Sex-based immune differences influence tumor progression in head and neck squamous cell carcinoma.

Head and neck squamous cell carcinoma (HNSCC) presents with higher incidence and poorer prognosis in males compared to females, yet the mechanisms underlying this sex disparity remains unclear. We investigated whether sex-specific immune responses contribute to differential tumor control using syngeneic and oral carcinogen-induced HNSCC mouse models., Female mice exhibited significantly reduced tumor burden, delayed progression and decreased metastatic potential compared to males. Immune profiling revealed a more robust antitumor immune landscape in females, characterized by heightened effector T cell activation, increased production of pro-inflammatory cytokines (IFN-γ, TNF-α), reduced expression of T cell exhaustion markers (PD-1, TIGIT), and a lower frequency of immunosuppressive myeloid-derived suppressor cells.

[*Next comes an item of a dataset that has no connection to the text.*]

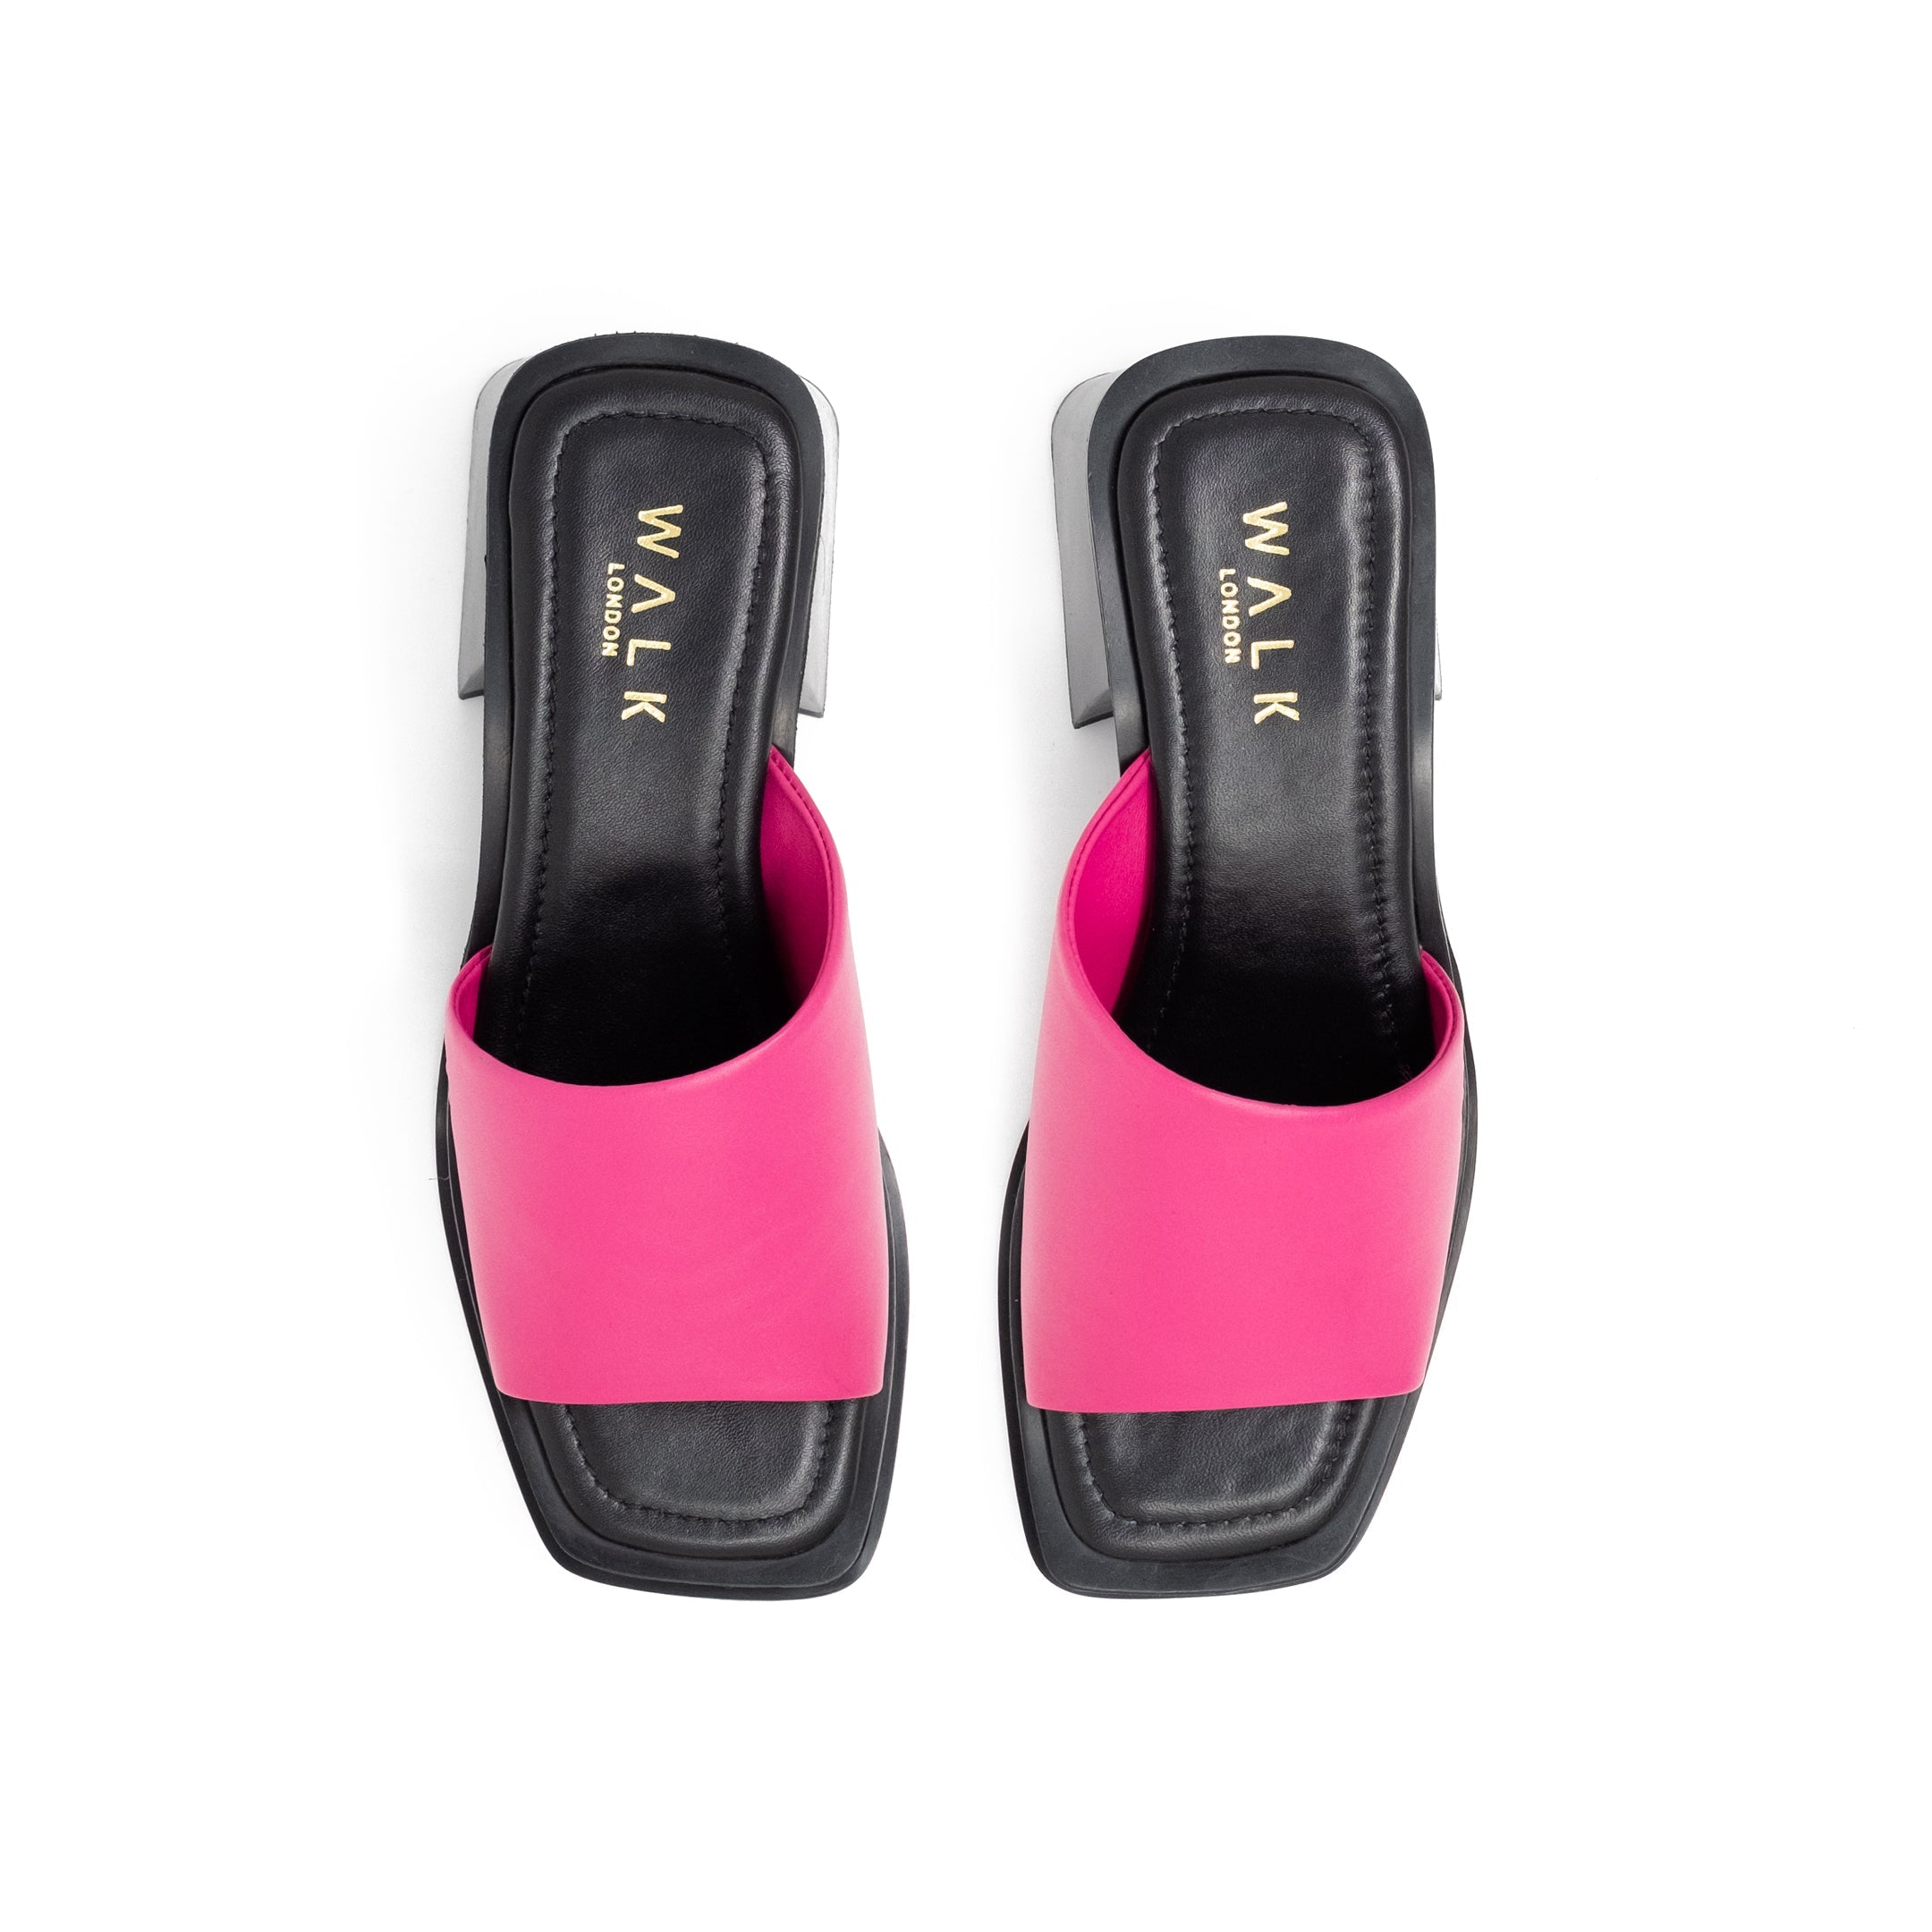 Birdseye View of the Walk London Lily Mule Sandal in Hot Pink Leather

Importantly, CD8(+) T cell depletion in females abrogated the resistance to HNSCC in females, establishing CD8(+) T cells as key mediators of sex-dependent antitumor immunity. Collectively, these findings demonstrate that enhanced effector T cell function coupled with reduced immunosuppression underlies improved tumor control in females and underscores the importance of integrating sex as a biological variable in immuno-oncology.